A picture is 1000 words! The figure below shows how the PolyBlocks compiler works and how its compiler engine is layered using MLIR and LLVM. Please take a look at the MLIR documentation for an introduction to the notions of MLIR dialects, passes, conversions, and transformations.

The PolyBlocks compiler engine can be viewed as an MLIR-based pass pipeline with 150+ passes that transform and optimize IR through various stages. It mainly employs polyhedral optimization techniques in the mid-level stages while optimizing computations on high-dimensional data spaces. The optimization techniques encompass tiling, fusion, performing recomputation (in conjunction with tiling and fusion), packing into on-chip buffers for locality, eliminating intermediate tensors or shrining intermediate tensors to bounded buffers fitting into on-chip memory, mapping to matmul/tensor cores, and efficient parallelization in a way that is unified with all other transformations.

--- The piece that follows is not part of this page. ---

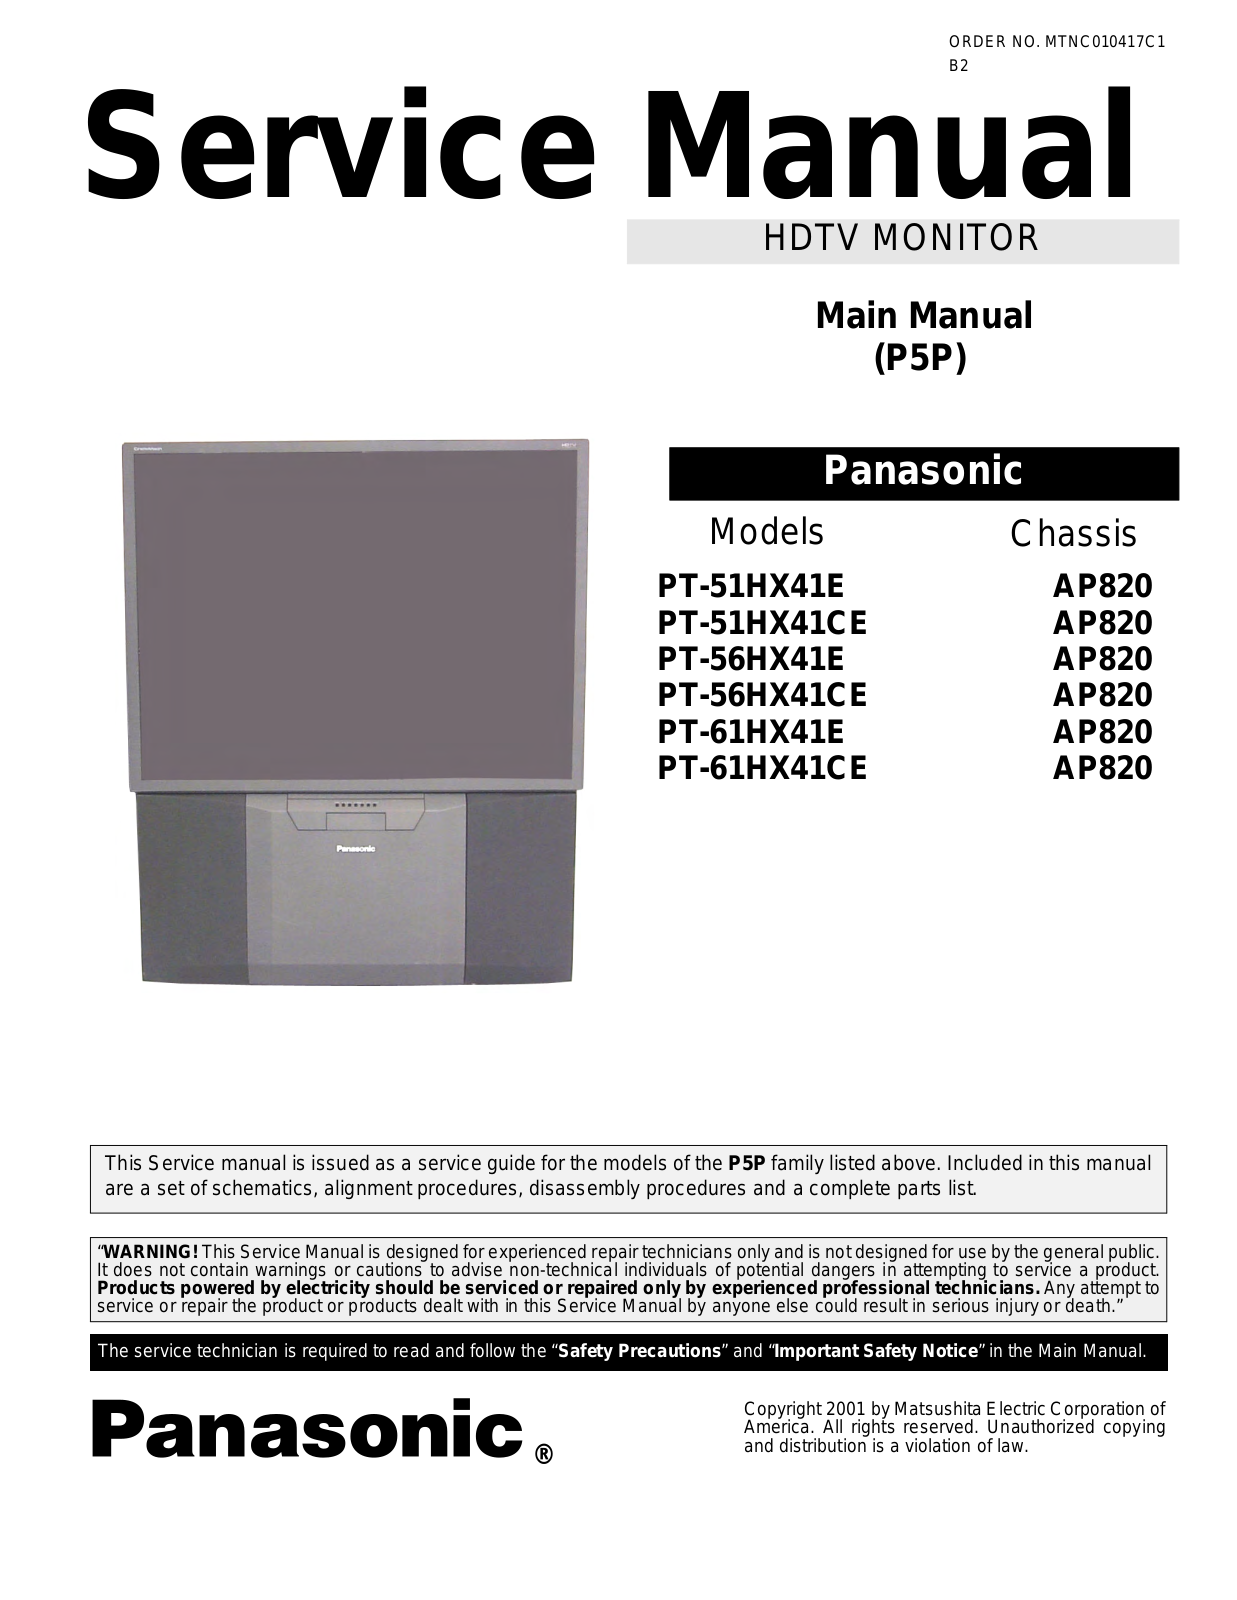 Panasonic pt51hx41e, pt51hx41ce, pt56hx41e, pt56hx41ce, pt61hx41e Diagram

Several MLIR’s upstream passes are also used in our code generation pipeline.

PolyBlocks is fully automatic, analytical model-driven, and 100% code generating, i.e., it does not rely on vendor libraries. Unlike a few other approaches to domain-specific compilation, PolyBlocks does not use “named” operator-wise scheduling/transformation recipes or hand-crafted schedules. Instead, all IR is processed by the same pass pipeline. Information on the structure of the operators is still exploited at appropriate levels, but in a general way using “PolyBlocks” kinds and affine structures in the IR.